In [0]:
import datetime
from pyspark.sql.types import StructType, StructField, StringType, TimestampType

# Read the model-level report table
try:
    report_df = spark.table("field_demos.ml_ops.master_model_report")
except Exception as e:
    print("Error reading master_model_report table:", e)
    dbutils.jobs.taskValues.set(key="retrain_candidates", value=[])
    raise e

# Filter models that need retraining and collect their names
models_to_retrain = report_df.filter("needs_retrained = true").select("model_name").collect()
candidates = [row["model_name"] for row in models_to_retrain]
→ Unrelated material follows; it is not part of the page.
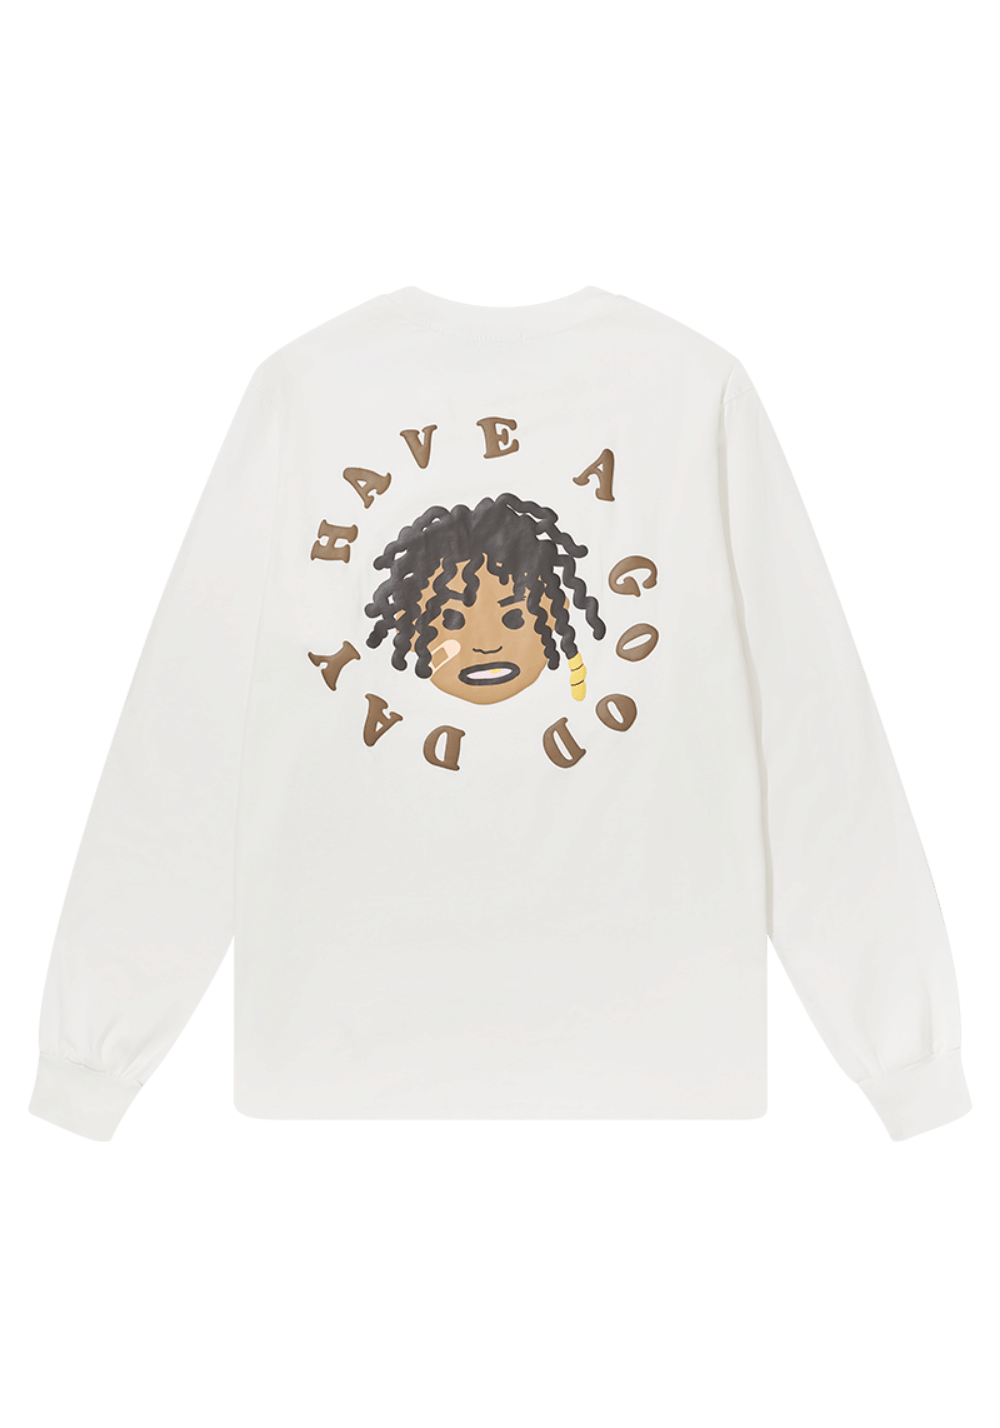 Dreadlocked Afro Print Sweatshirt - PSYLOS 1, Dreadlocked Afro Print Sweatshirt, Sweatshirts, HARSH AND CRUEL, PSYLOS 1

# Build retraining candidate log events
retrain_logs = []
current_time = datetime.datetime.now()
for model_name in candidates:
    retrain_logs.append({
        "model_name": model_name,
        "retrain_time": current_time,
        "status": "Candidate flagged",
        "details": f"Model {model_name} flagged for retraining."
    })

# If any retraining candidates were found, write log events to a Delta table
if retrain_logs:
    log_schema = StructType([
        StructField("model_name", StringType(), True),
        StructField("retrain_time", TimestampType(), True),
        StructField("status", StringType(), True),
        StructField("details", StringType(), True)
    ])

    log_df = spark.createDataFrame(retrain_logs, schema=log_schema)
    log_df.write.format("delta") \
        .mode("append") \
        .saveAsTable("field_demos.ml_ops.model_retrain_log")
    print("Retraining candidate events logged to Delta table 'field_demos.ml_ops.model_retrain_log'.")
else:
    print("No models flagged for retraining.")

# Pass the list of candidate model_ids to the next job task
dbutils.jobs.taskValues.set(key="retrain_candidates", value=candidates)
print("Candidates to retrain passed to next job:", candidates)